Important content tips:
Listing date of restricted shares granted this time: February 16, 2022
Number of restricted shares registered this time: 6.4 million shares
Grant price of restricted shares: 3.69 yuan / share (RMB, the same below)
Number of registrants of this restricted stock Grant: 72
Source of this restricted stock: the company’s A-share common stock issued by the company to the incentive object
In accordance with the measures for the administration of equity incentive of listed companies issued by the China Securities Regulatory Commission and the relevant provisions of Shenzhen Stock Exchange and Shenzhen Branch of China Securities Depository and Clearing Corporation, it has been reviewed and confirmed by Shenzhen Stock Exchange and Shenzhen Branch of China Securities Depository and Clearing Corporation, Jinling Pharmaceutical Company Limited(000919) (hereinafter referred to as the “company”) has completed the grant registration of the restricted stock incentive plan in 2021 (hereinafter referred to as the “incentive plan”), and the relevant matters are described as follows:
1、 Decision making procedures and information disclosure performed in this restricted stock grant
1. On December 29, 2021, the company held the 15th meeting of the 8th board of directors, deliberated and adopted the Jinling Pharmaceutical Company Limited(000919) 2021 restricted stock incentive plan (Draft) and its abstract, the Jinling Pharmaceutical Company Limited(000919) 2021 restricted stock incentive plan assessment management measures Related proposals (Announcement No.: 2021-065) such as the proposal on requesting the general meeting of shareholders of the company to authorize the board of directors to handle matters related to the restricted stock incentive plan in 2021, the related directors avoided voting on the relevant proposals, and the independent directors expressed independent opinions on matters related to the incentive plan of the company.
2. On December 29, 2021, the company held the 10th meeting of the 8th board of supervisors, deliberated and adopted the Jinling Pharmaceutical Company Limited(000919) 2021 restricted stock incentive plan (Draft) and its abstract, the Jinling Pharmaceutical Company Limited(000919) 2021 restricted stock incentive plan assessment management measures In the proposal on reviewing the list of incentive objects of the company’s restricted stock incentive plan in 2021 (Announcement No.: 2021-066), the board of supervisors of the company verified the relevant matters of the incentive plan and issued relevant verification opinions.
3. On January 12, 2022, the company disclosed the announcement of Jinling Pharmaceutical Company Limited(000919) independent directors’ public solicitation of entrusted voting rights (Announcement No.: 2022-006).
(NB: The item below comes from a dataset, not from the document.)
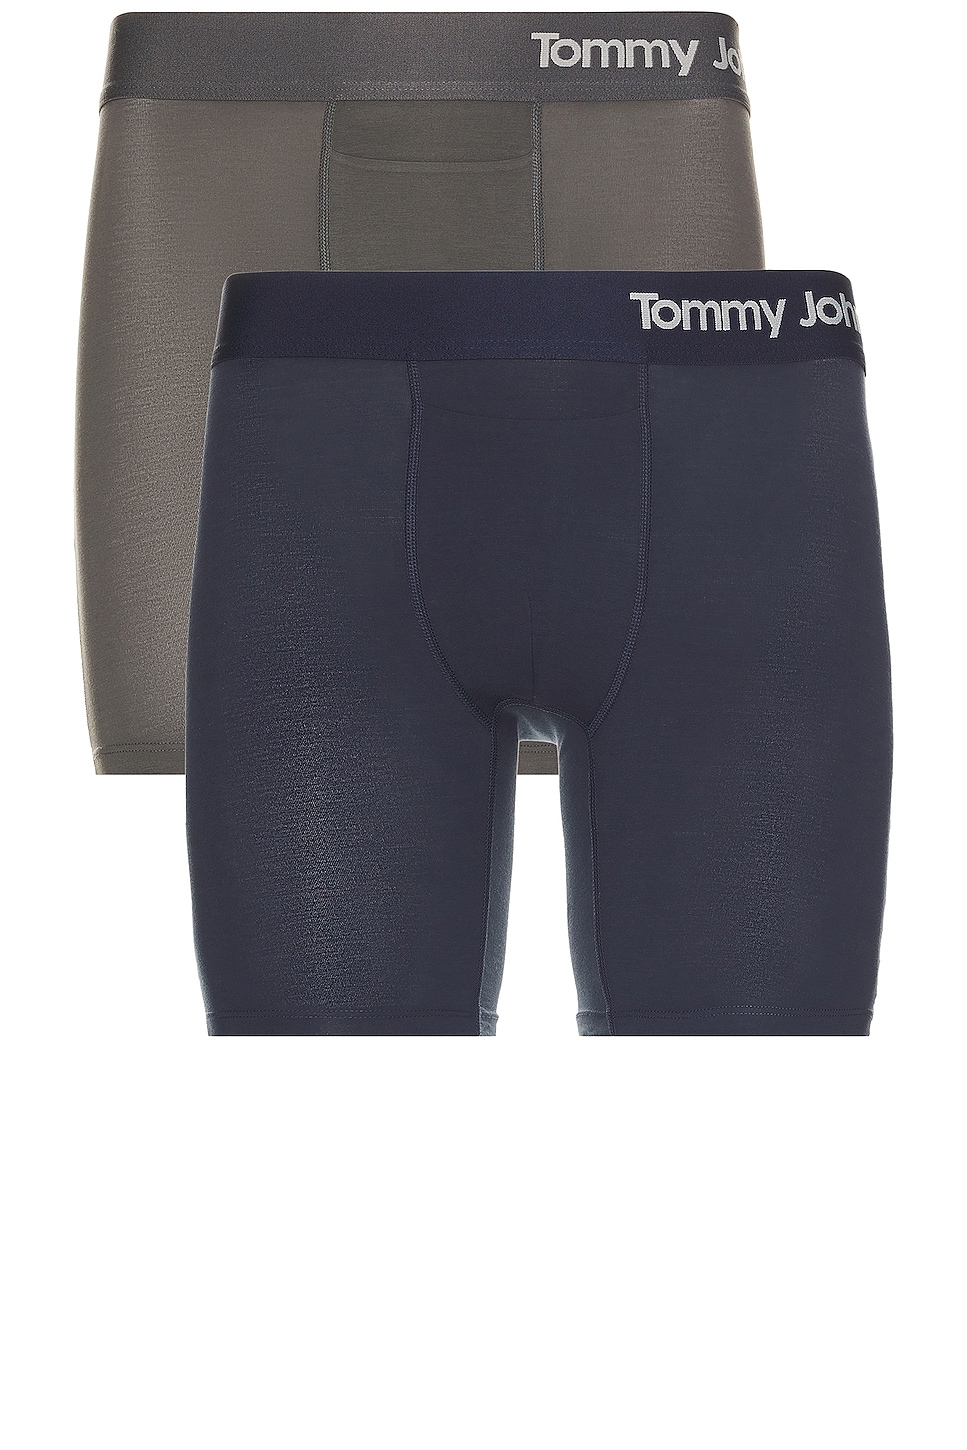 Tommy John Boxer Brief Underwear Gray Elastic Waist Size Medium

Mr. Shen Yongjian, an independent director, was entrusted by other independent directors of the company as the soliciter, Solicit the entrusted voting rights from all shareholders of the company for the relevant proposals considered at the first extraordinary general meeting of shareholders in 2022 to be held on January 27, 2022.
4. On January 19, 2022, the company disclosed the verification opinions and publicity statement of the board of supervisors on the list of incentive objects of the company’s 2021 restricted stock incentive plan (Draft) (Announcement No.: 2022-009), from December 31, 2021 to January 9, 2022, The company publicized the publicity of the list of incentive objects of the restricted stock incentive plan in 2021 by posting the bulletin board, and publicized the names and positions of some incentive objects granted by the incentive plan for the first time. During the publicity period, the board of supervisors of the company did not receive any objection from any organization or individual to the first granting of some incentive objects in the company’s incentive plan.
5. On January 26, 2022, the company disclosed the Jinling Pharmaceutical Company Limited(000919) suggestive announcement on the approval of the 2021 restricted stock incentive plan by the state owned assets supervision and Administration Commission of Nanjing Municipal People’s Government (Announcement No.: 2022-012), The company has received the reply on Jinling Pharmaceutical Company Limited(000919) implementation of restricted stock incentive plan (Ningguo Ziwei Kao [2022] No. 15) from the state owned assets supervision and Administration Commission of Nanjing Municipal People’s Government (hereinafter referred to as “Nanjing SASAC”), and Nanjing SASAC agrees to this incentive plan in principle. 6. On January 27, 2022, the company held the first extraordinary general meeting of shareholders in 2022, deliberated and adopted the Jinling Pharmaceutical Company Limited(000919) 2021 restricted stock incentive plan (Draft) and its abstract, the Jinling Pharmaceutical Company Limited(000919) 2021 restricted stock incentive plan assessment management measures Proposal on requesting the general meeting of shareholders of the company to authorize the board of directors to handle matters related to the company’s restricted stock incentive plan in 2021 (Announcement No.: 2022-013). 7. On January 28, 2022, the company disclosed the self inspection report of Jinling Pharmaceutical Company Limited(000919) on the trading of shares of the company by insiders of the company’s restricted stock incentive plan in 2021 and incentive objects (Announcement No.: 2022-014). After verification, within 6 months before the first public disclosure of the incentive plan, There is no evidence that the verified object has used the insider information of this incentive plan to buy and sell stocks.
8. On January 27, 2022, the company held the 17th meeting of the 8th board of directors and the 12th meeting of the 8th board of supervisors, deliberated and adopted the company’s proposal on granting restricted shares to incentive objects for the first time (announcement numbers: 2022-016 and 2022-017 respectively). The independent directors of the company expressed independent opinions on the above matters, and the board of supervisors verified the above matters and issued verification opinions.
2、 Completion of registration of the first grant of this incentive plan
(I) first grant registration
1. First grant date: January 27, 2022
2. Number of First grants: 6.4 million shares
3. Number of persons granted for the first time: 72
4. Initial grant price: RMB 3.69/share
5. Stock source: A-share common stock issued by the company to the incentive object
6. See the following table for the details of the incentive objects and the number of shares granted for the first time:
Proportion of granted restrictions to the total number of shares (10000 shares) on the date of announcement of the plan (%)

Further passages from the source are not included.